With your grammer we can get string "aab" which is not accepted by L .

So i think your grammer is wrong.

@Navneet Singh Tomar

here k means the entry?A bit of a confusion here as to what k stands for

k stands for look aheads.

In addition to @d3ba comment!

as per the language given in the question we will get the following grammar                                                 S->aS|aSb|eps                                                                                         and clearly it is not left factored grammar . so, let’s  start from LL(1) (i.e for one lookahead)  for example if we have simply a from the first production and aabb from the second production , then it is not LL(1) due to non left factoring .Similarly if we take LL(k) for any k then also there exist some strings which will fail for LL(k). That’s why III is also true.

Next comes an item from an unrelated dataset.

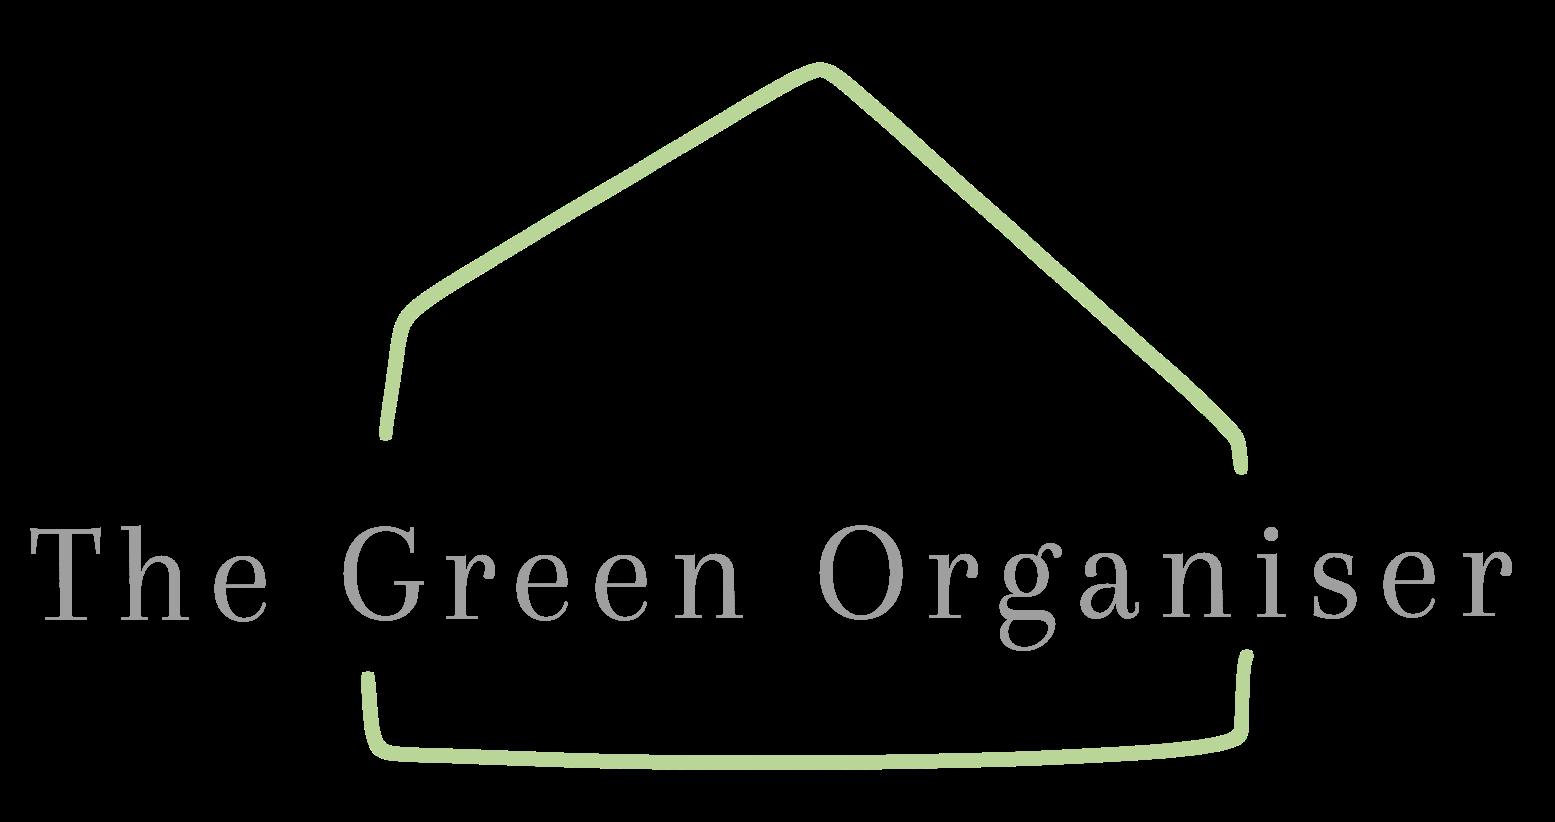 The Green Organiser votre Home Organiser / Coach en Rangement

First, Lets check if we can draw a Deterministic PDA for the given language or not.

Final state C will accept all strings of the form $a^n$ $b^n$ and final state D will accept all the strings of the form $a^n$ and ϵ.

Hence, the given language is deterministic CFL.

is true and II is false.

Check for III can be done using a simple argument. In LL(k), k represents the number of lookaheads for LL parser to decide which production should be selected for derivation. Looking at the language, suppose strings are "aaaaa" and "aaaaabbbbb". The parser will not be able to differentiate between these until k > 5. Since, n can be a very large number (possibly infinte), it is simply impossible to use such large value for k.

Hence, the given language cannot be parsed by a LL(k) parser.

III is True.

Hence, option (C) is correct.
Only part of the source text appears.